Ucapan itu membuat dada Alendra terasa hangat sekaligus sesak. Ia menunduk, menatap nasi goreng di piringnya. “Iya, Yah… makasih.”

Larissa hanya bisa tersenyum samar, menahan air mata yang hampir jatuh. Ia tahu, Ardian berusaha sekuat tenaga menjadi pelindung. Tapi di luar sana, dunia tidak akan semudah itu. Omongan orang, tatapan sinis, dan gunjingan tetangga—semuanya hanya menunggu waktu.

---

Beberapa menit kemudian, terdengar suara motor berhenti di depan rumah.

Larissa menoleh dari dapur, keningnya berkerut. “Siapa tuh pagi-pagi udah ke sini?”

Alendra spontan ikut menatap ke arah jendela.
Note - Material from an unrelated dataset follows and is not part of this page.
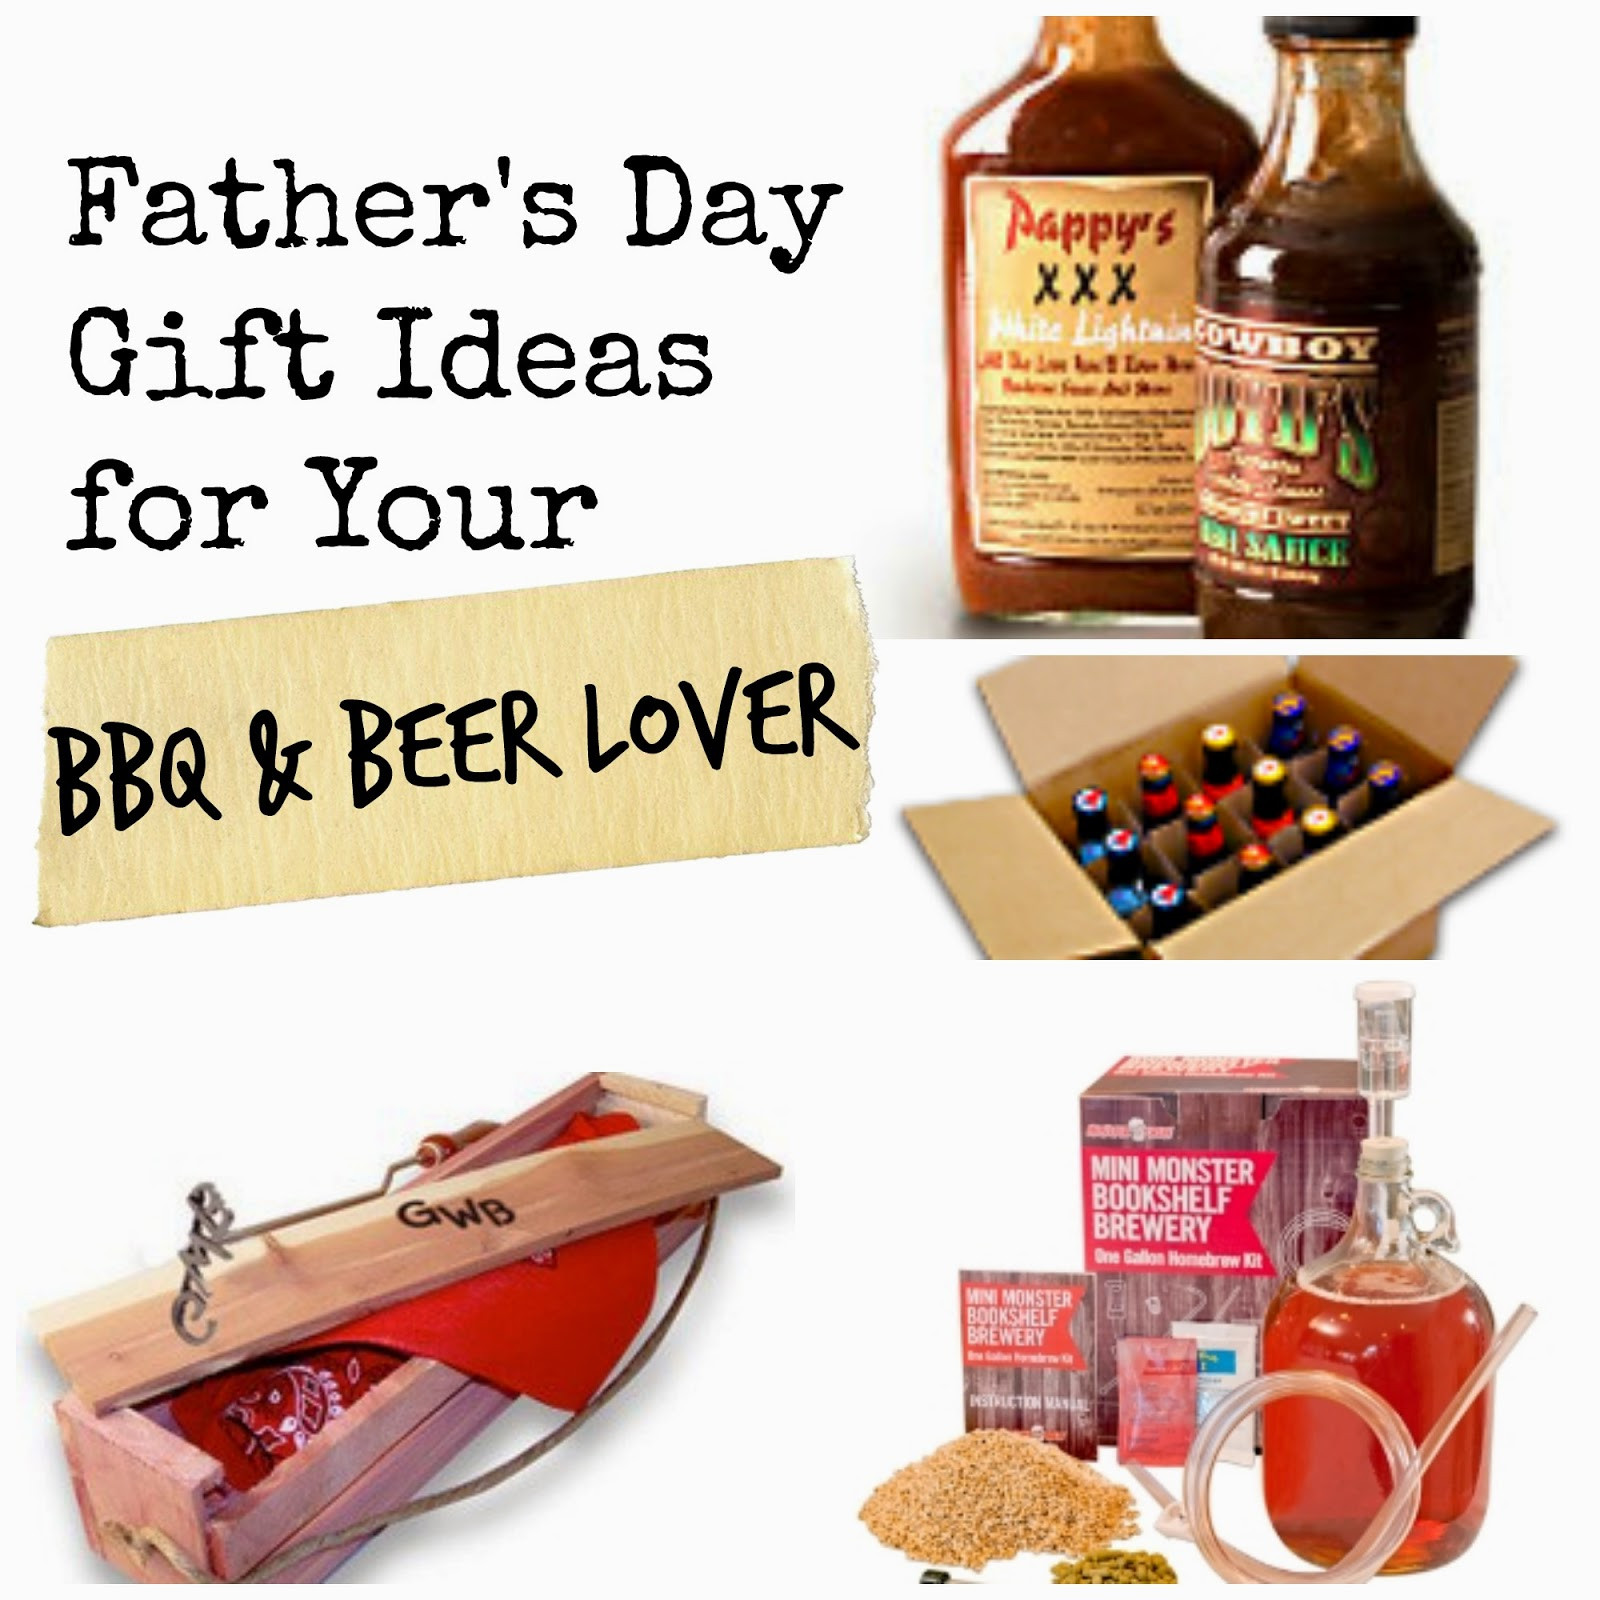 Father'S Day Gift Ideas Beer
 Father s Day Gifts For Your BBQ & Beer Lover

Matanya sedikit membulat saat melihat sosok yang sudah sangat ia kenal—Rayven.

Pemuda itu turun dari motor, masih mengenakan seragam sekolah yang rapi. Ia membawa helm cadangan di tangannya, lalu melangkah mendekat ke teras rumah.

Larissa menatap anaknya dengan ekspresi tak percaya. “Itu… Rayven?”

Alendra menelan ludah. “Iya, Bu…”

Jantungnya berdegup kencang. Ia tak menyangka Rayven benar-benar datang pagi ini.

Ardian yang baru saja keluar dari kamar langsung menatap ke arah luar. Tatapannya tajam sesaat, tapi kemudian ia menarik napas panjang. “Biarkan dia masuk,” ucapnya pelan.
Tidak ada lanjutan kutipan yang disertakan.